Work instructions: Given the entries that follow, write out exactly the lines starting at the one containing "Plan Maison Tout" and ending at the one containing "effective bullying prevention programs", both ends included, and only those.

Provided records:
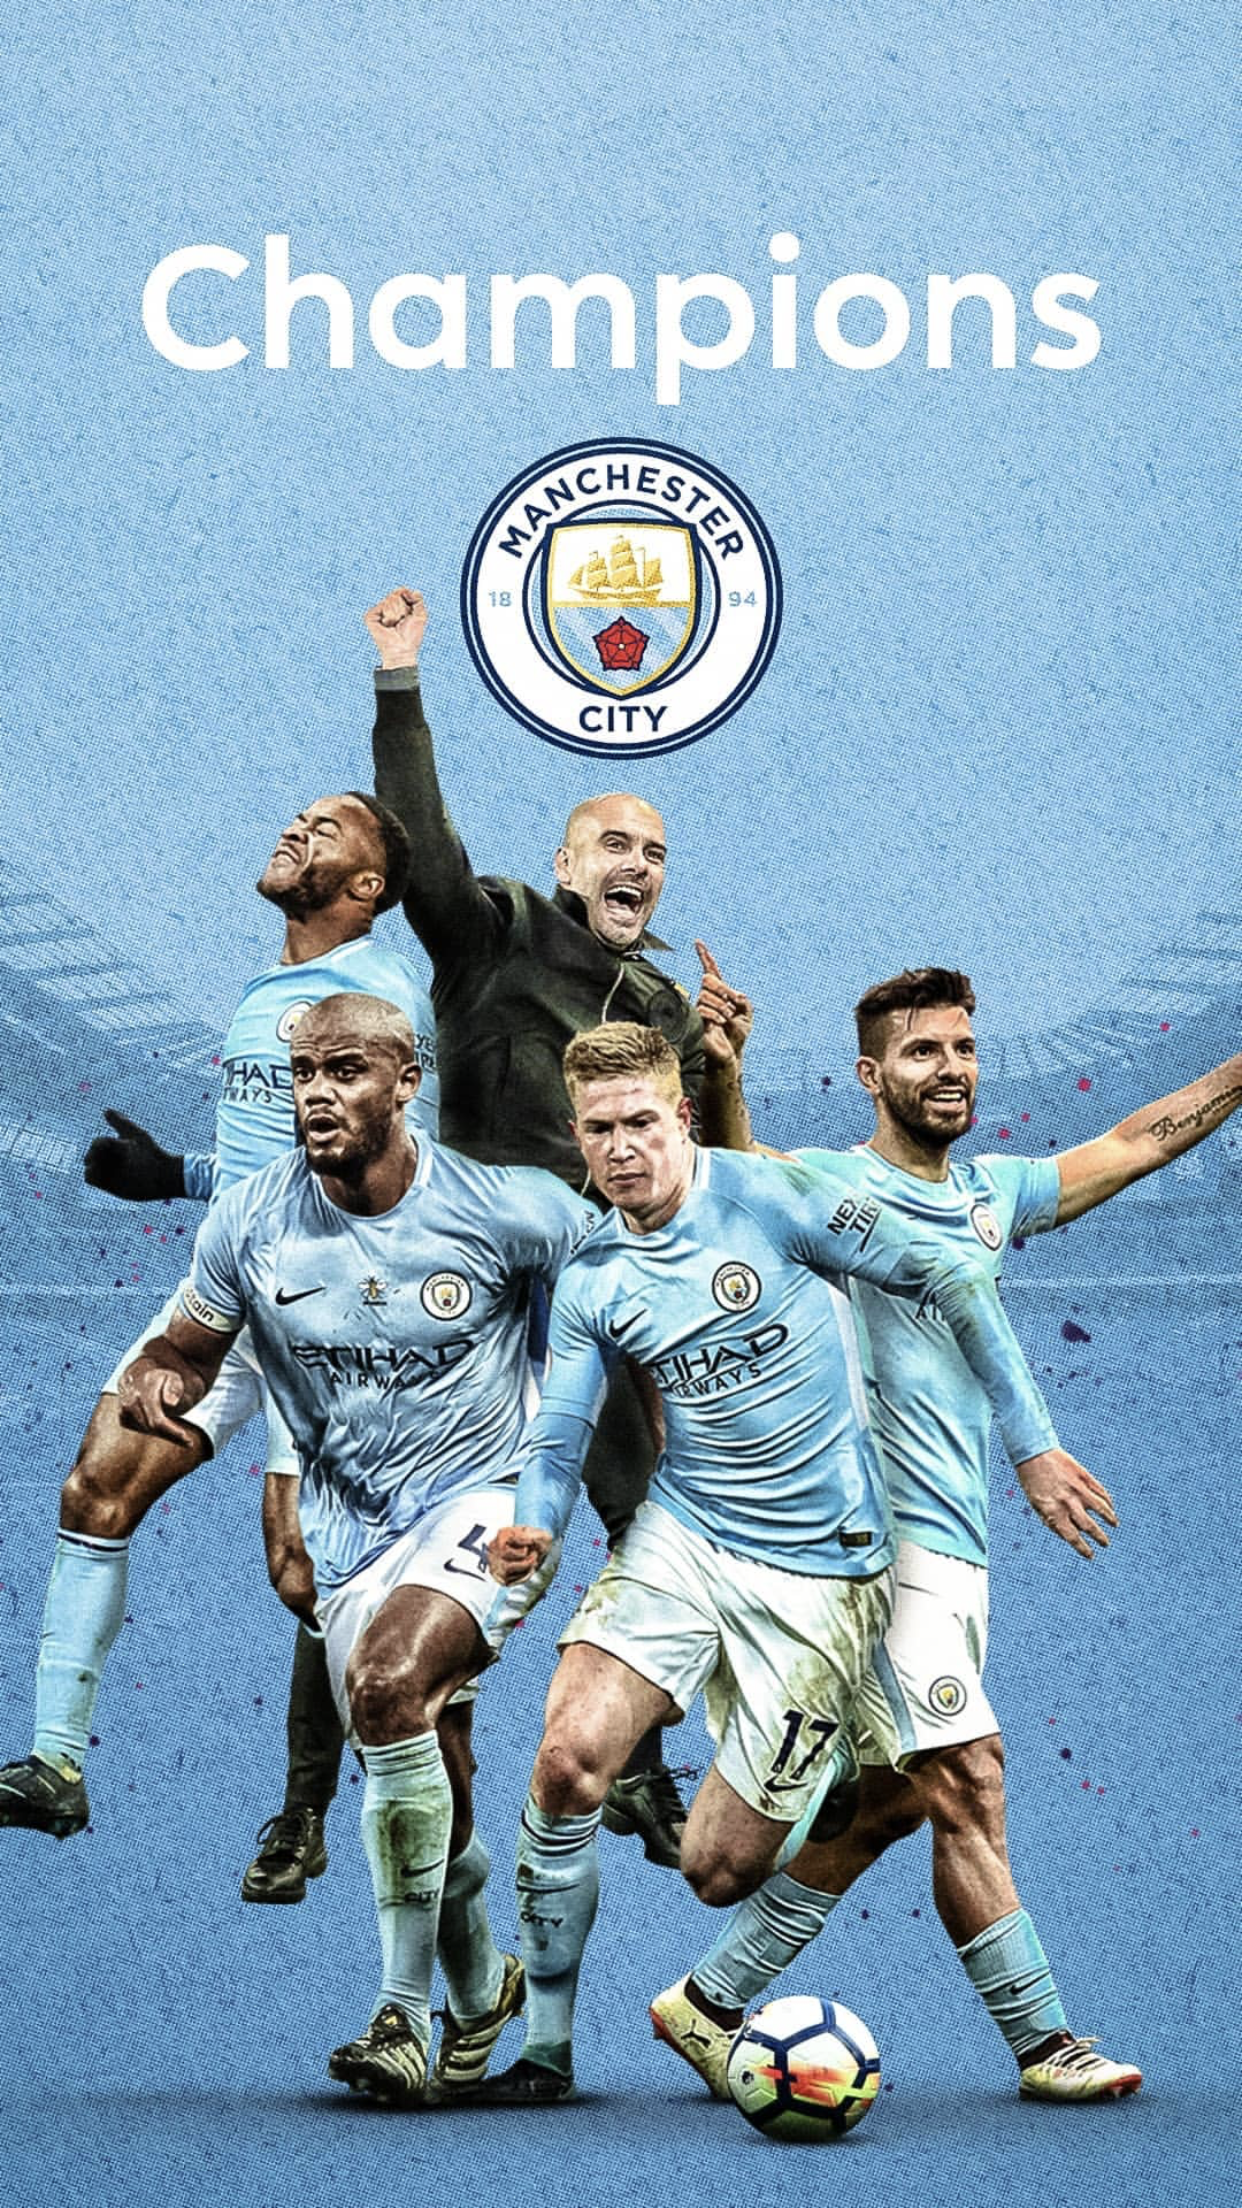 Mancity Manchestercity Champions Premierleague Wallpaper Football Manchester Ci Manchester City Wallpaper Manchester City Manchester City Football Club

---

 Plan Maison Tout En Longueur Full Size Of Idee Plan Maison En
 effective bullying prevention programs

...

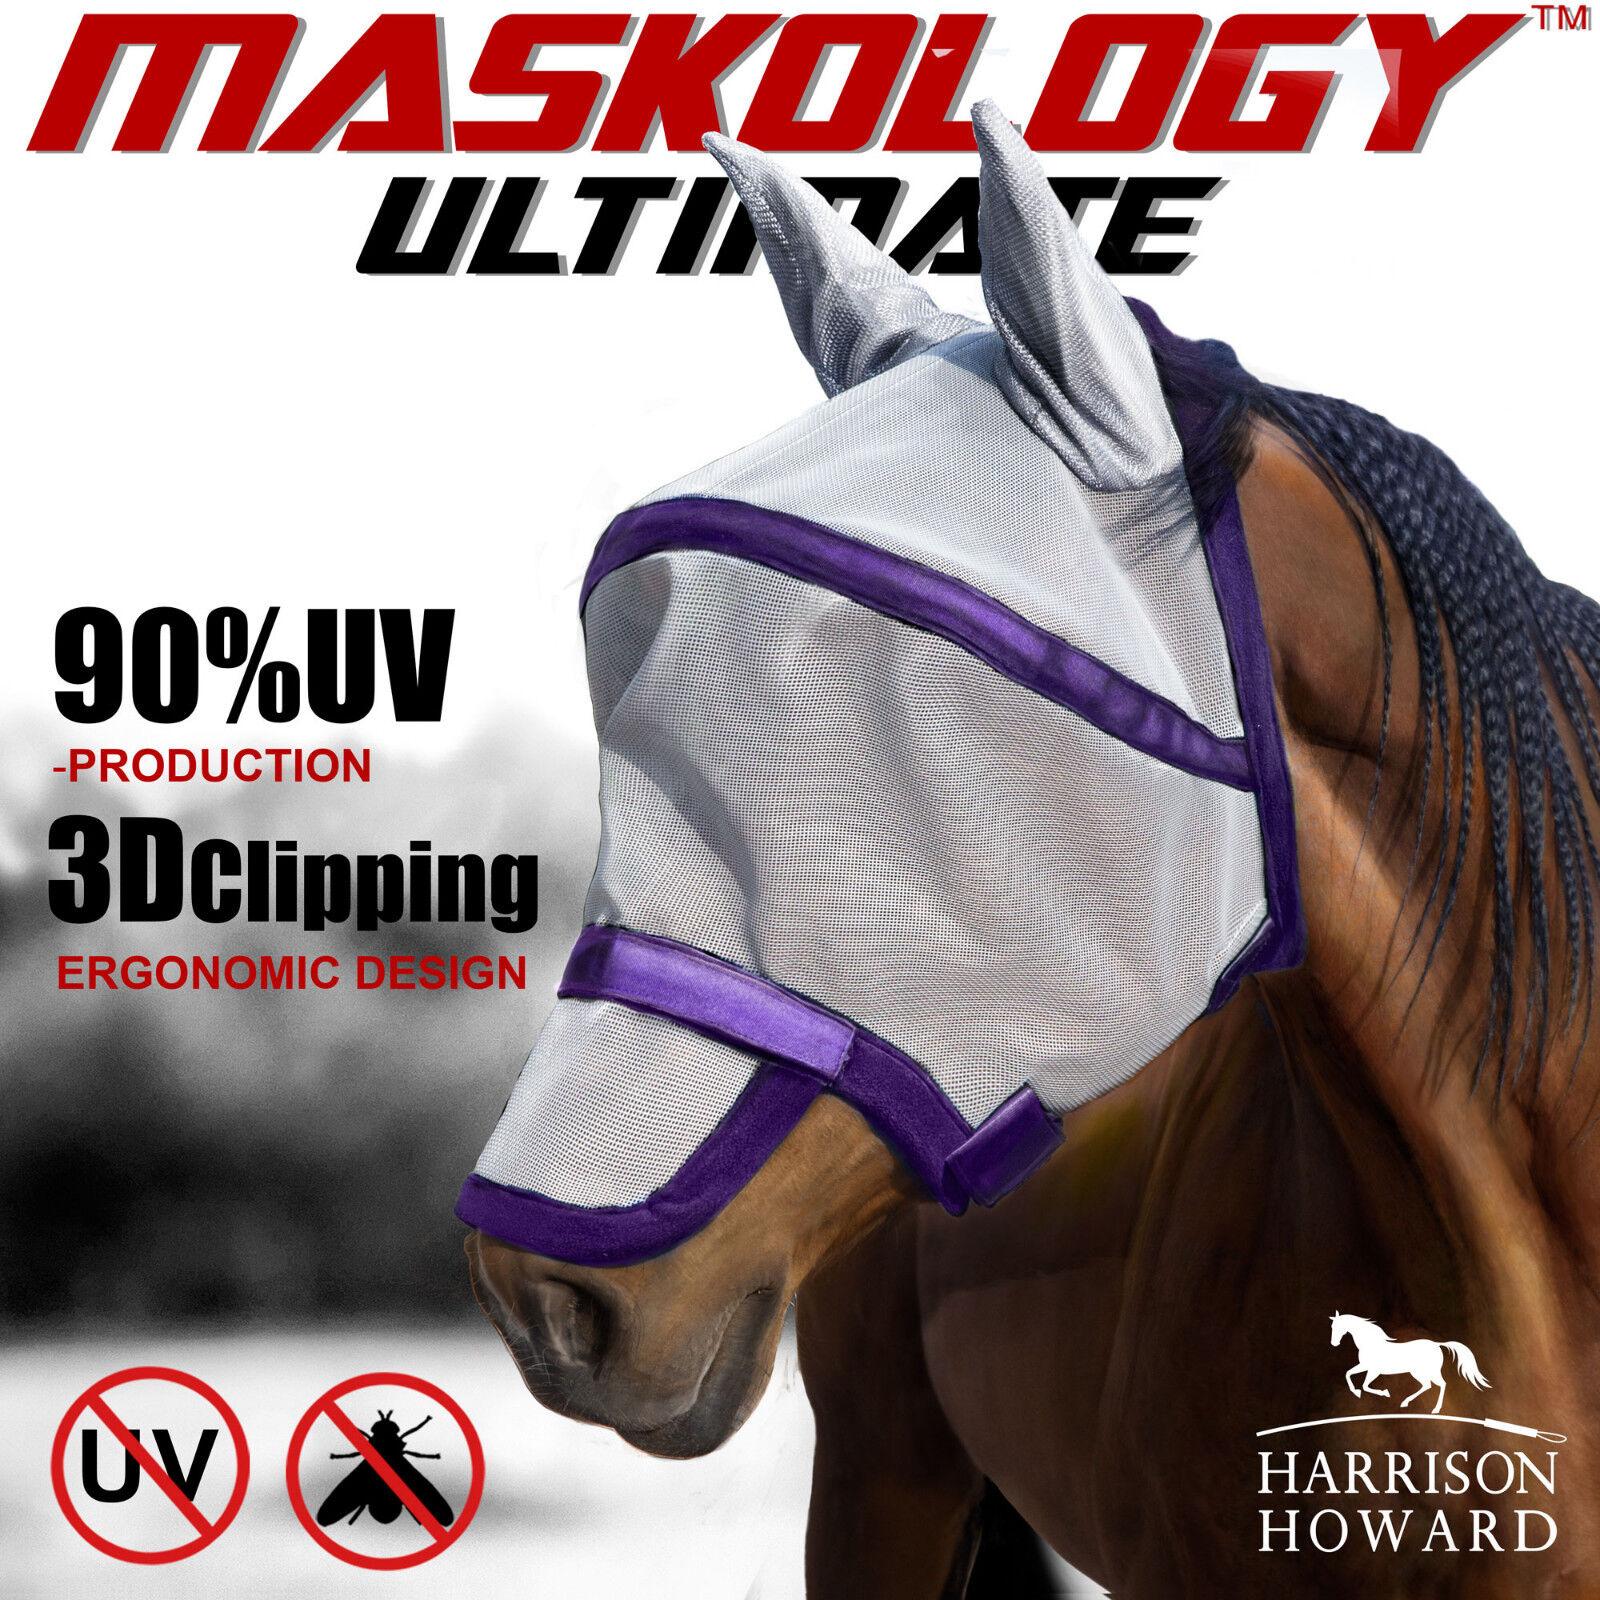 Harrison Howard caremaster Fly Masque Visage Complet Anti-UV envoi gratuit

The answer:
 Plan Maison Tout En Longueur Full Size Of Idee Plan Maison En
 effective bullying prevention programs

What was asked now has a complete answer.